Barbara Jean Waters passed from this life to her heavenly home on August 27th. She was born in 1949, in Bremerton, Washington. She was the third child of Dutch and Hjordes Waters and grew up in Winston, Oregon. She received all twelve years of schooling in the Winston-Dillard School District, graduating from Douglas High School as Valedictorian in 1967. She attended Oregon College of Education in Monmouth where she made many lifelong friends. She received degrees from both Southern Oregon College and University of Oregon. Yes, she was a DUCK fan.
She worked for several federal agencies including the Umpqua National Forest Service and the Bureau of Land Management in Roseburg as well as the Veterans Administration in Roseburg and in Washington DC. Barbara co-owned a business (Friday to Friday, LLC) in the Willamette Valley for twenty years. Together with her best friends Bonnie Tufts and Ila Mae Gillett, they provided personalized guardianship, conservatorship and care management services to many clients.
She is survived by her brother John Waters (Arvilla) of Kalona, Iowa and her sister, Wanda McFarland (John) of Sherwood, Oregon.

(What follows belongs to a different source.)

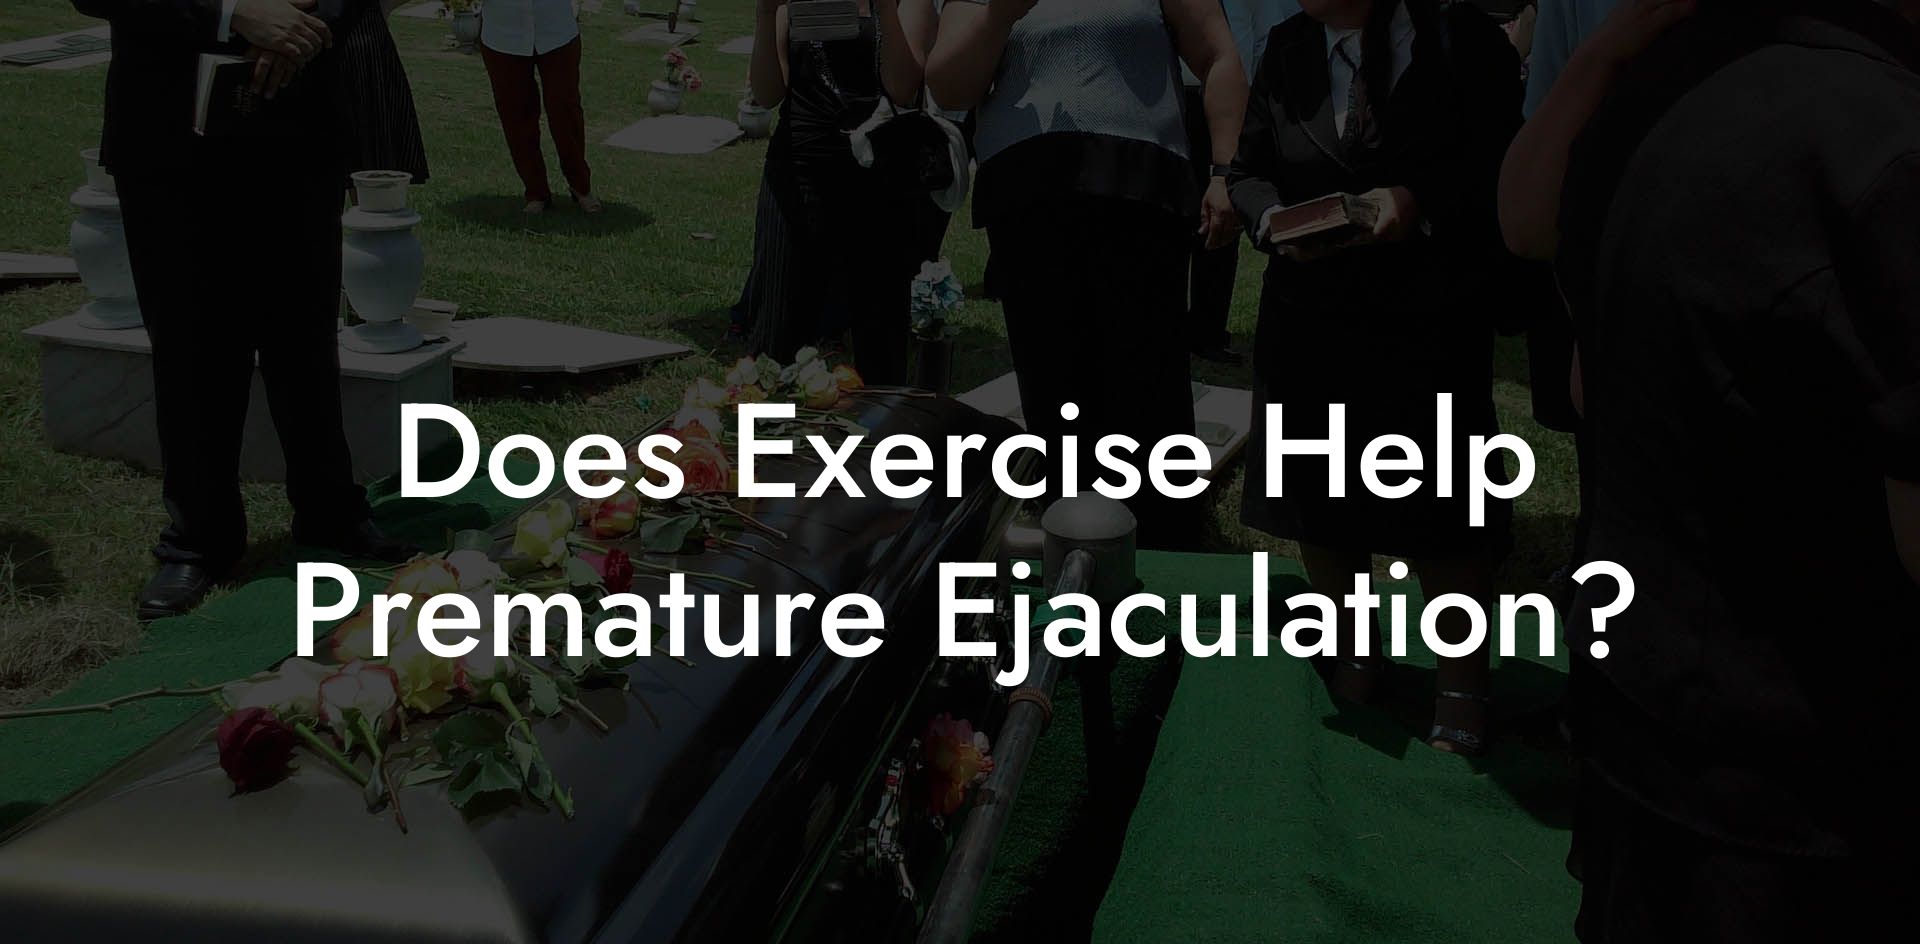 Does Exercise Help Premature Ejaculation?

She is also survived by over fifty nieces and nephews in the Waters Family and many others in the extended Tufts and Gillett families as an honorary sister and aunt. She was preceded in death by her parents Dutch and Hjordes Waters, and one sister, Marjorie Yoder.

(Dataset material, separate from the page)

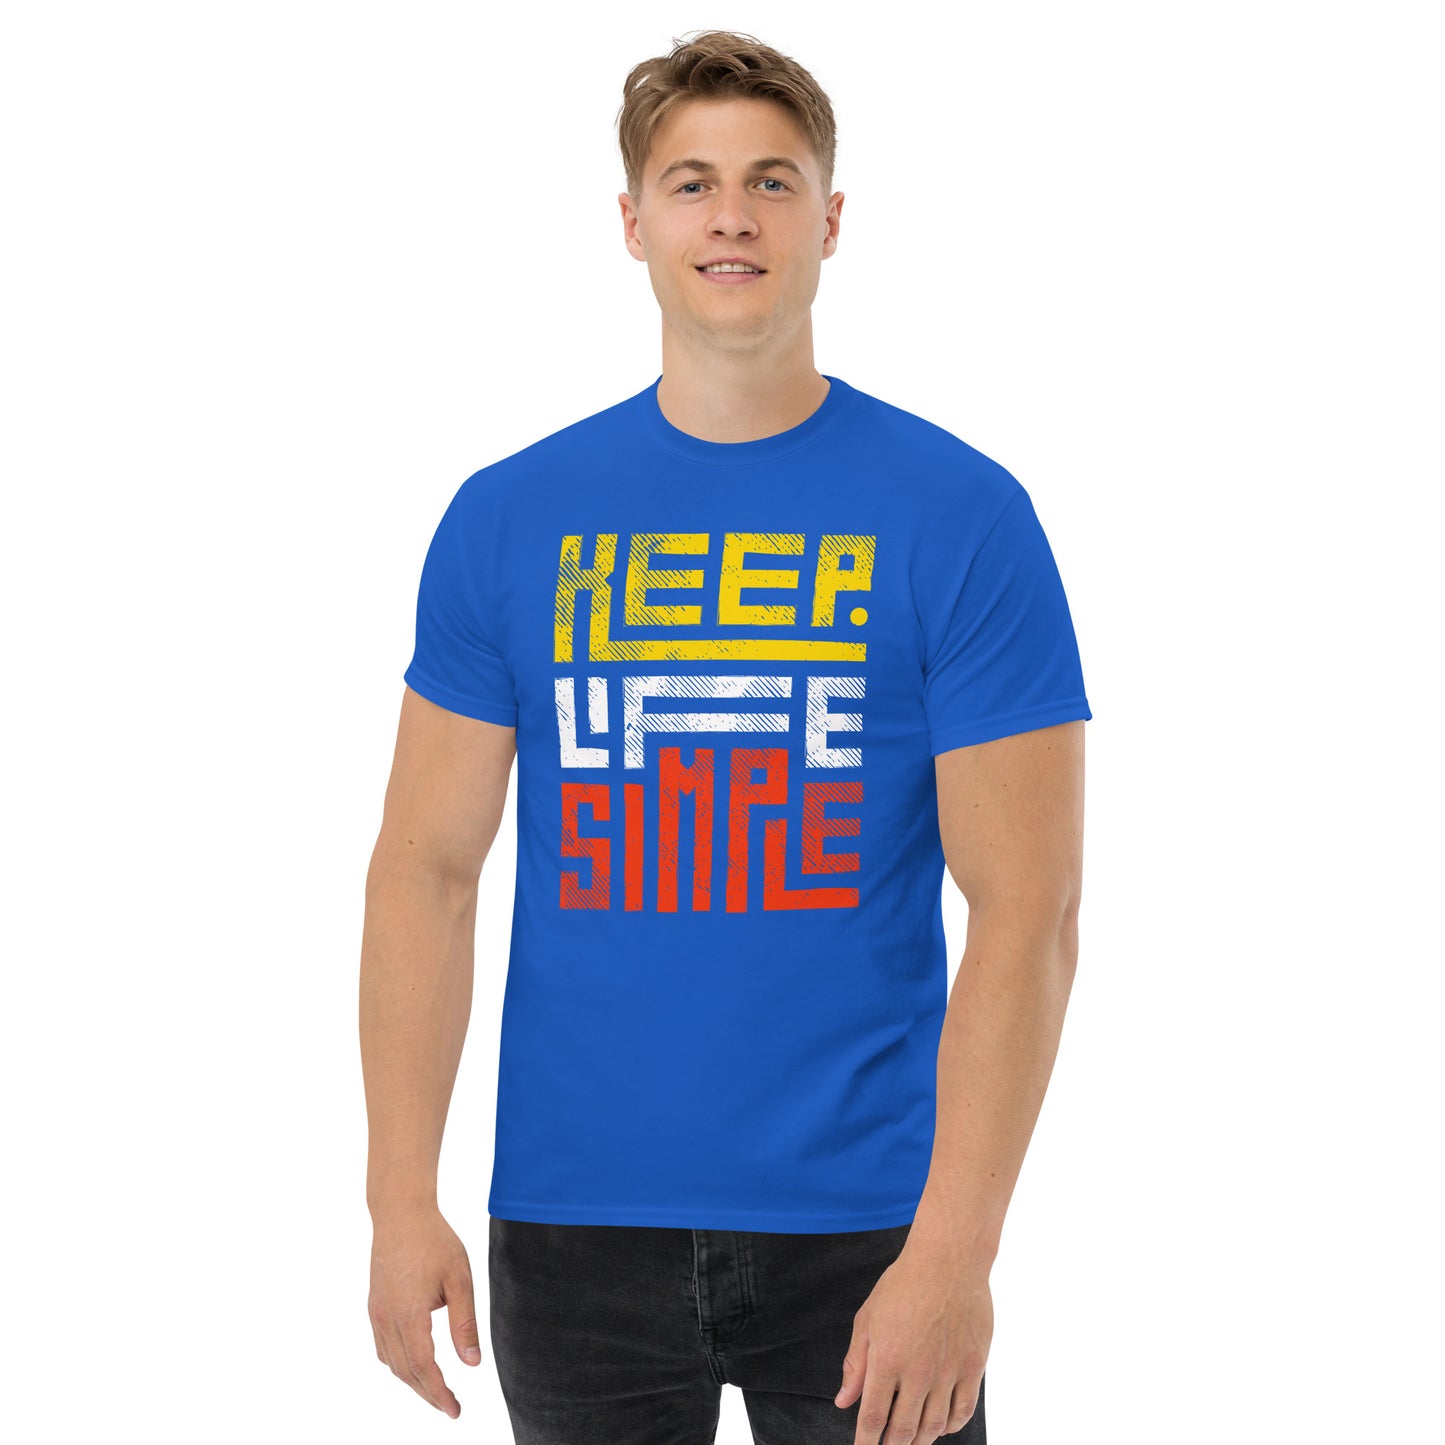 Keep Life Simple T-Shirt

Barbara will be remembered for her love of family and friends. She always had time for a visit, a tall tale, a perfect cup of coffee with a sweet cake – or maybe a favorite ice cream bar. She was a planner extraordinaire, for herself - and everyone else around her - having an endless list of possible projects and adventures lined up for the future. She loved the beach and every trip there involved “getting the kites in the air” and collecting interesting rocks, shells and driftwood. She was also known to collect hats, pictures of odd street signs and lapel pins. True to her Norwegian heritage, she sprinkled her home and wardrobe with the color RED and was always ready for a fish dinner, berry soup, Lefse and Fattigmans. She never married and loved all her nieces and nephews as though they were her own children – and they all loved “Aunt Barbara”. Her heartfelt letters, poems, words of wisdom and encouragement, scriptures and specially selected gifts will be remembered by all who knew and loved her.